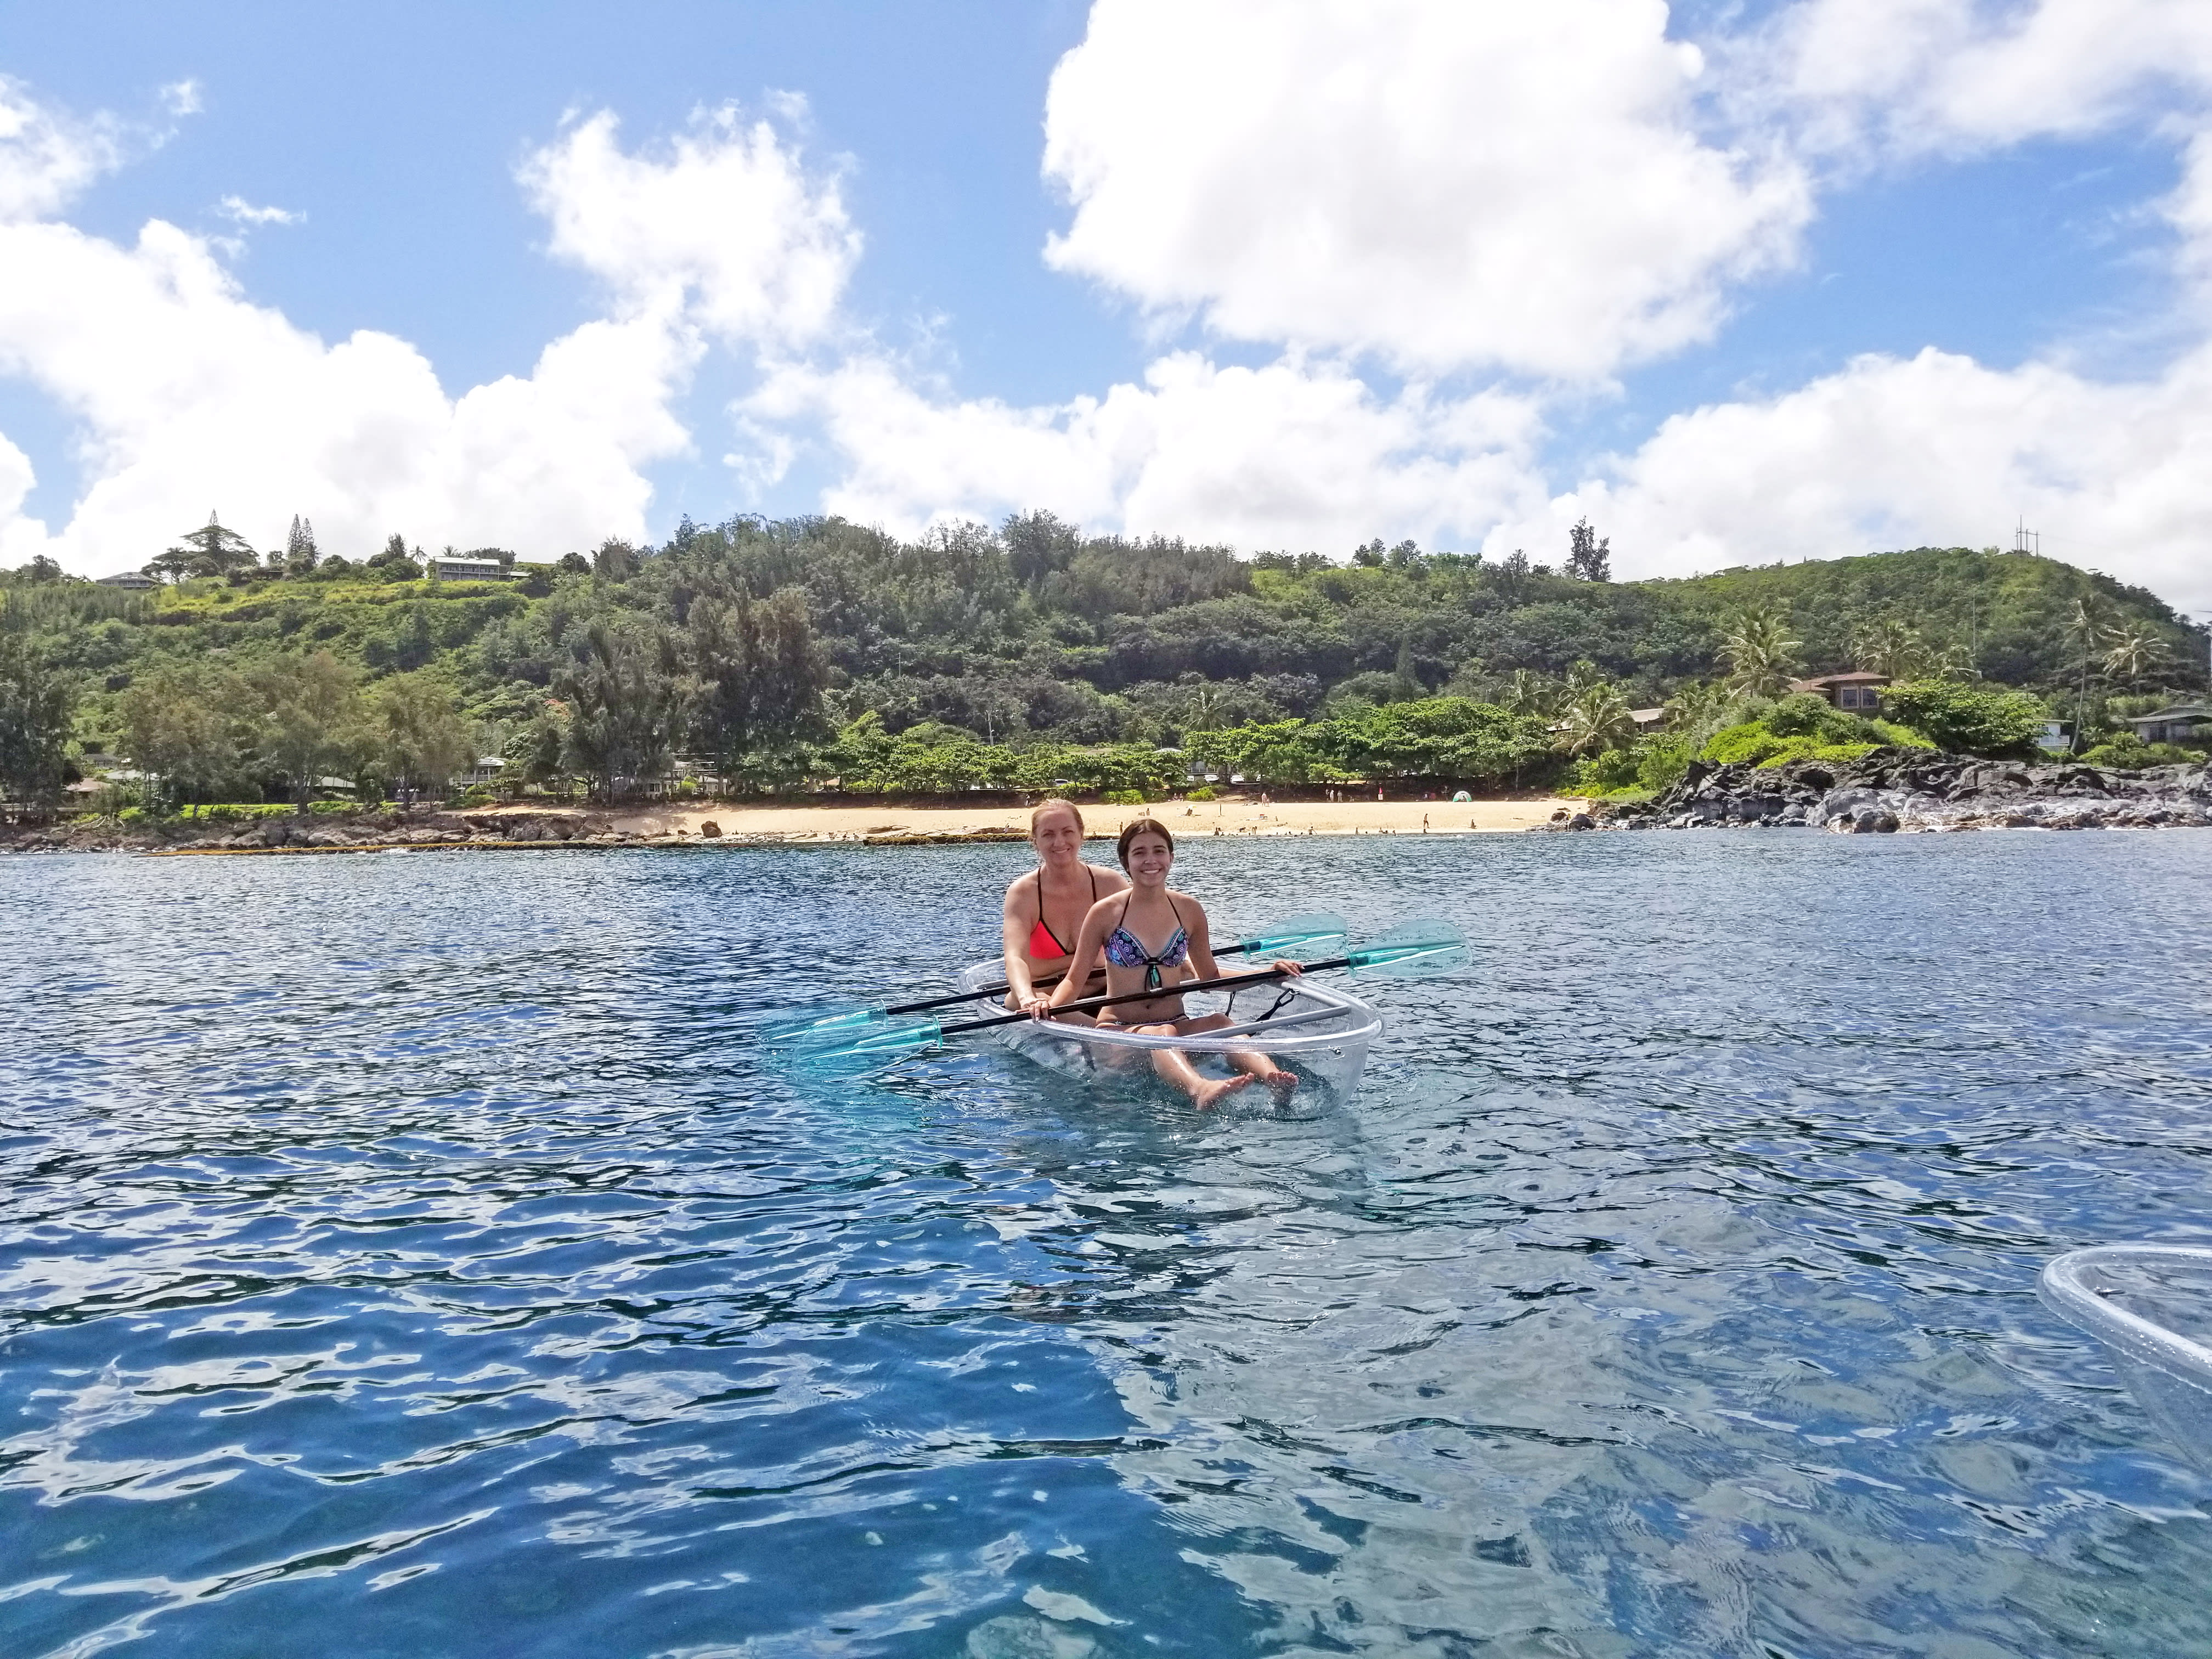 カヤック (マリンスポーツ) | ハワイの観光・オプショナルツアー専門
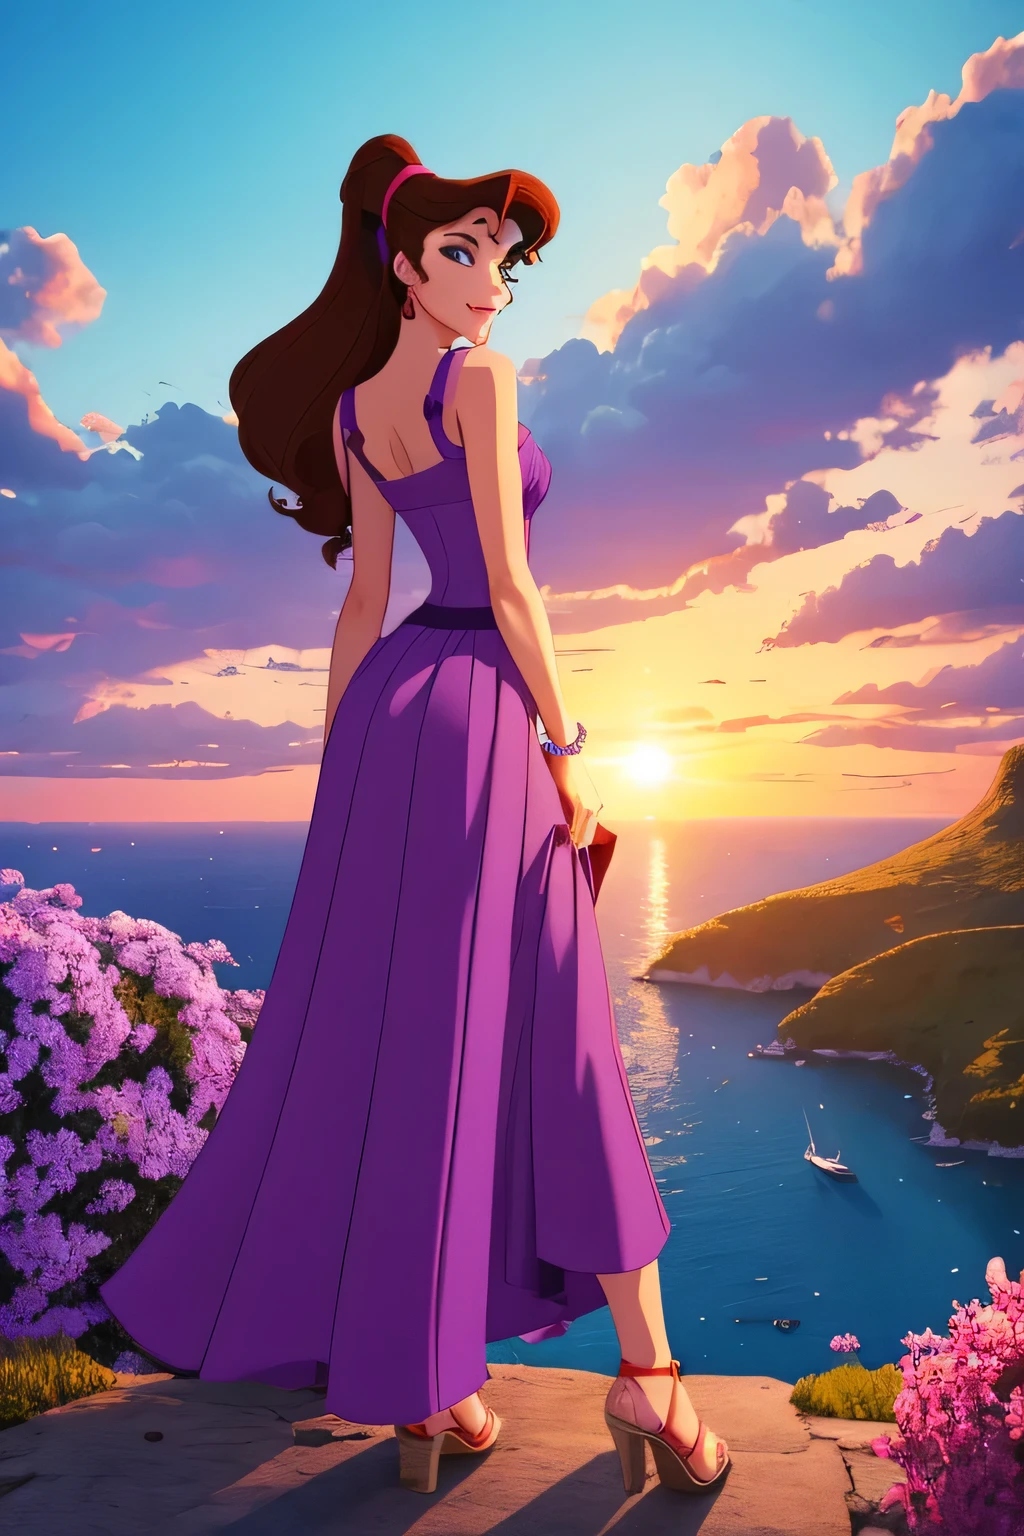 1 人の女の子 ブルネット メガラ, 長い紫色のギリシャのドレスを着て, ディズニーアニメーションスタイル, 最高品質, デジタルアート, 2次元, オレンジ色の雲に囲まれた楽園で
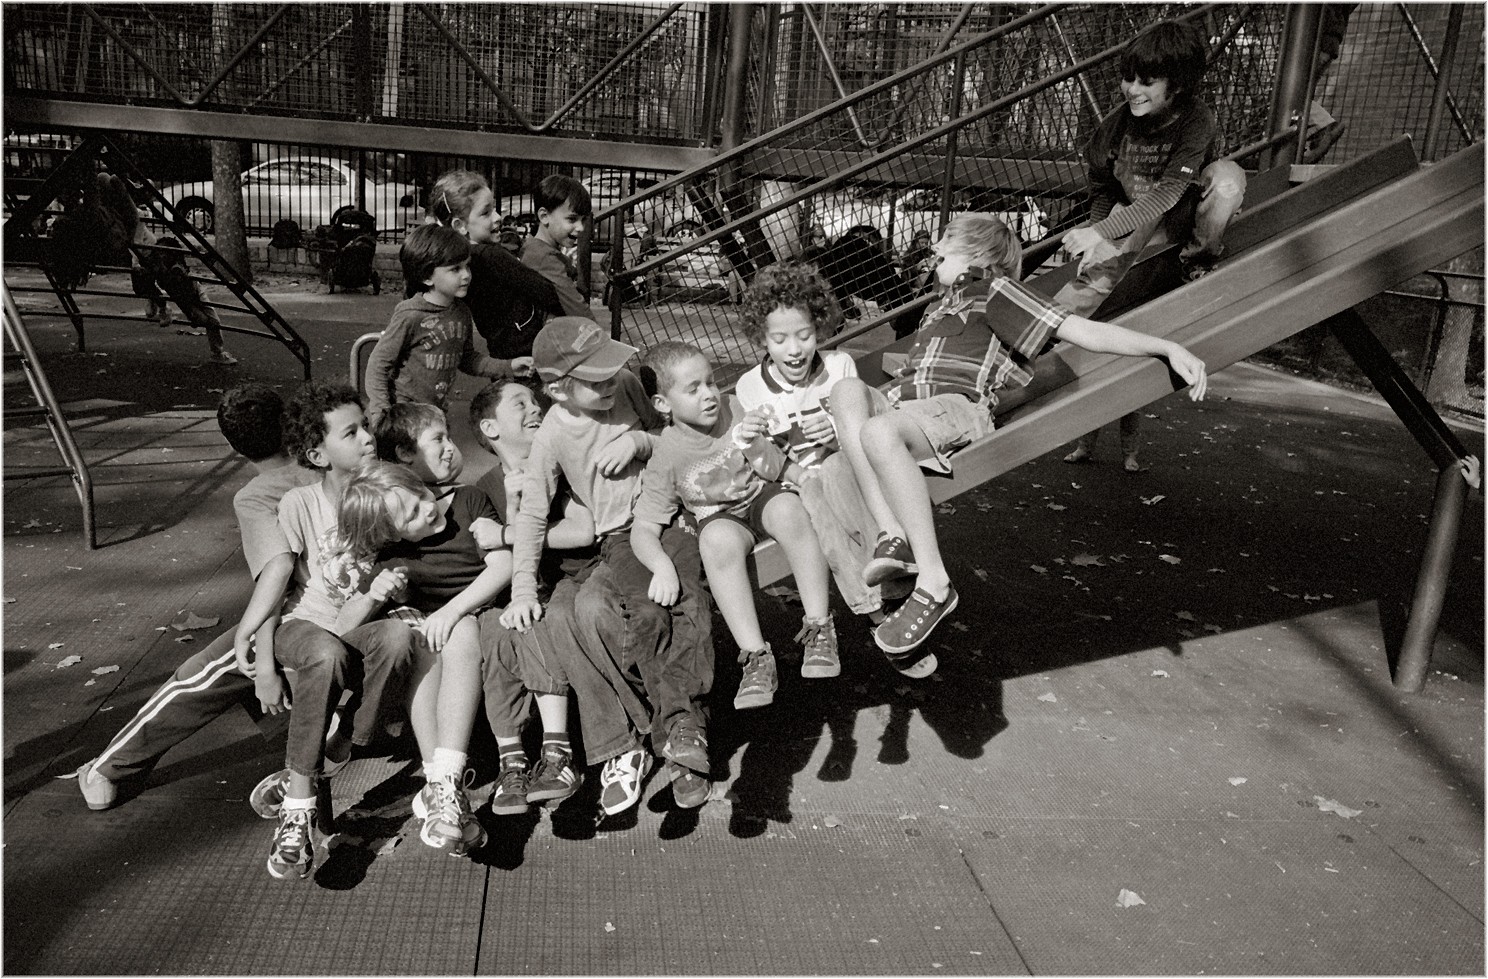 Детская площадка, Нью-Йорк, 2012. Фотограф Мэтт Вебер

# # # #

*PROBLEM DETAILS:* Extract all the data above exactly, excluding every picture.

*TASK RESPONSE:*
 カヤック (マリンスポーツ) | ハワイの観光・オプショナルツアー専門
 1 人の女の子 ブルネット メガラ, 長い紫色のギリシャのドレスを着て, ディズニーアニメーションスタイル, 最高品質, デジタルアート, 2次元, オレンジ色の雲に囲まれた楽園で
 Детская площадка, Нью-Йорк, 2012. Фотограф Мэтт Вебер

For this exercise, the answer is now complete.